TASK OBJECTIVE -> Of the lines below, write out exactly those from the line with "Chic and Refreshing: Perfume" through the line with "PK/6 - Artisan", both included, and skip the rest.

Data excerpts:
• • • • • • •
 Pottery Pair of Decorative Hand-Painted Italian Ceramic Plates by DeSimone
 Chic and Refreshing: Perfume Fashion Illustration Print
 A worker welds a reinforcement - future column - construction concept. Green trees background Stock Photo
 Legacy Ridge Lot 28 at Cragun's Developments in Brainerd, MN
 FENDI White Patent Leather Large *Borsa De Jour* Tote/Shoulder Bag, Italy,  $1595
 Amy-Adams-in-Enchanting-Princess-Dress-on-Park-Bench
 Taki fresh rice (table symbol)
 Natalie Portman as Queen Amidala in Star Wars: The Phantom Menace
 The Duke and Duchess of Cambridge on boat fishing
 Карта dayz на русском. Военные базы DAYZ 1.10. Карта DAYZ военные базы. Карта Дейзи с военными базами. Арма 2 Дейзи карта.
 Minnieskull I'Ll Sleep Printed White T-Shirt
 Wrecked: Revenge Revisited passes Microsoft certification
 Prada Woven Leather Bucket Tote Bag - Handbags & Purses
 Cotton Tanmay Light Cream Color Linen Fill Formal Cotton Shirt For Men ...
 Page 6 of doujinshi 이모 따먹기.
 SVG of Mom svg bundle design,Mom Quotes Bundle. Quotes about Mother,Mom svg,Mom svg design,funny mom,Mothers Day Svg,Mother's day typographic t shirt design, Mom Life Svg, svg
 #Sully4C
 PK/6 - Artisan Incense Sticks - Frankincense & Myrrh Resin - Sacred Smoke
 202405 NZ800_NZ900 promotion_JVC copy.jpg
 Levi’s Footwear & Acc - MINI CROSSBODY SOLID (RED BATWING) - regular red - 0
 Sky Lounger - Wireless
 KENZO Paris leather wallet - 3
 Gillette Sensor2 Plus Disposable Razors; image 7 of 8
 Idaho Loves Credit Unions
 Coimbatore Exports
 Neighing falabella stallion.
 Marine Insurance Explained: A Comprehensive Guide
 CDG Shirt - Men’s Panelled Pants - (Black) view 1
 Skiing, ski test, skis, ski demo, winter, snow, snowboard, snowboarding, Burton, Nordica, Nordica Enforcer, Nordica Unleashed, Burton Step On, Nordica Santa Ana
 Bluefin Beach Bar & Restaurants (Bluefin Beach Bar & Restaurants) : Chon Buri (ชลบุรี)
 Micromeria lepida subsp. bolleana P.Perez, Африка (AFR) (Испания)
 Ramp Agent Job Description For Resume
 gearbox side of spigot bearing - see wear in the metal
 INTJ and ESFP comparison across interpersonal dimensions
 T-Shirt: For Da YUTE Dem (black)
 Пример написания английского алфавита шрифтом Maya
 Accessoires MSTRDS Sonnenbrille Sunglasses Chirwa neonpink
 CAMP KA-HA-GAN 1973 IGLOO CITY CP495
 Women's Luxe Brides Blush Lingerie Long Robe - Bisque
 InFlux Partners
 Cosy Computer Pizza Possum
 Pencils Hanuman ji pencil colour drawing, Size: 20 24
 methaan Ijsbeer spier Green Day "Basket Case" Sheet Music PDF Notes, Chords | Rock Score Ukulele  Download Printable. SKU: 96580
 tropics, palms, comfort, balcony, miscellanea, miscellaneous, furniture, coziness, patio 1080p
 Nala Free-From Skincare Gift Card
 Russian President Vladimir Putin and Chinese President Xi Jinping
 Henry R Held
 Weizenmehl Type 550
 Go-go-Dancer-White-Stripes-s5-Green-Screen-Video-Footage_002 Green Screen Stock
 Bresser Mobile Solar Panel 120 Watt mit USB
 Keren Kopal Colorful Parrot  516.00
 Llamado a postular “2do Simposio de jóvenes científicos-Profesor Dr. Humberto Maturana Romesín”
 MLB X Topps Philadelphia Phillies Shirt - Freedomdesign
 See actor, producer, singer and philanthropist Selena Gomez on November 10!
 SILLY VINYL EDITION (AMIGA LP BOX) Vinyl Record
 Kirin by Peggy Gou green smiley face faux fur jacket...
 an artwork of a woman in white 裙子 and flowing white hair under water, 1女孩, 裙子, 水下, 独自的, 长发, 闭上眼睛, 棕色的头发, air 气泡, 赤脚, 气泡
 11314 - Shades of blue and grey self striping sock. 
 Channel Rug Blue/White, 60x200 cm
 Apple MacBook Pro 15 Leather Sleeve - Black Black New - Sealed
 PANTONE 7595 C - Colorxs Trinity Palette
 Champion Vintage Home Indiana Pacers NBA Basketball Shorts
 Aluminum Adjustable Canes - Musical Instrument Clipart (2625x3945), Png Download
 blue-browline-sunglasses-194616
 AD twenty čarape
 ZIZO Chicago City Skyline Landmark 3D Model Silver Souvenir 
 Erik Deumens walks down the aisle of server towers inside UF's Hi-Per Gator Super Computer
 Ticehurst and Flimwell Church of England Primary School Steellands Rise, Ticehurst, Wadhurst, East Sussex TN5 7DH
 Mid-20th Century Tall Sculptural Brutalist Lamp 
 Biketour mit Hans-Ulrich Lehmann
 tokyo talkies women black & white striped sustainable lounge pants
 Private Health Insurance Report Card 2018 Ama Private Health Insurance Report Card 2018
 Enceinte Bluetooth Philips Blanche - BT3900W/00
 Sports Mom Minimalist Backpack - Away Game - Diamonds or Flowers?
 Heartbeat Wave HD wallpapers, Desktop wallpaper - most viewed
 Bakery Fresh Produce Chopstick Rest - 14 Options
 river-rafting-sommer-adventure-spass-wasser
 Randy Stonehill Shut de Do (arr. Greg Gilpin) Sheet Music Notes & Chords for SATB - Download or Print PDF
• • • • • • •
RESPONSE AREA ->
 Chic and Refreshing: Perfume Fashion Illustration Print
 A worker welds a reinforcement - future column - construction concept. Green trees background Stock Photo
 Legacy Ridge Lot 28 at Cragun's Developments in Brainerd, MN
 FENDI White Patent Leather Large *Borsa De Jour* Tote/Shoulder Bag, Italy,  $1595
 Amy-Adams-in-Enchanting-Princess-Dress-on-Park-Bench
 Taki fresh rice (table symbol)
 Natalie Portman as Queen Amidala in Star Wars: The Phantom Menace
 The Duke and Duchess of Cambridge on boat fishing
 Карта dayz на русском. Военные базы DAYZ 1.10. Карта DAYZ военные базы. Карта Дейзи с военными базами. Арма 2 Дейзи карта.
 Minnieskull I'Ll Sleep Printed White T-Shirt
 Wrecked: Revenge Revisited passes Microsoft certification
 Prada Woven Leather Bucket Tote Bag - Handbags & Purses
 Cotton Tanmay Light Cream Color Linen Fill Formal Cotton Shirt For Men ...
 Page 6 of doujinshi 이모 따먹기.
 SVG of Mom svg bundle design,Mom Quotes Bundle. Quotes about Mother,Mom svg,Mom svg design,funny mom,Mothers Day Svg,Mother's day typographic t shirt design, Mom Life Svg, svg
 #Sully4C
 PK/6 - Artisan Incense Sticks - Frankincense & Myrrh Resin - Sacred Smoke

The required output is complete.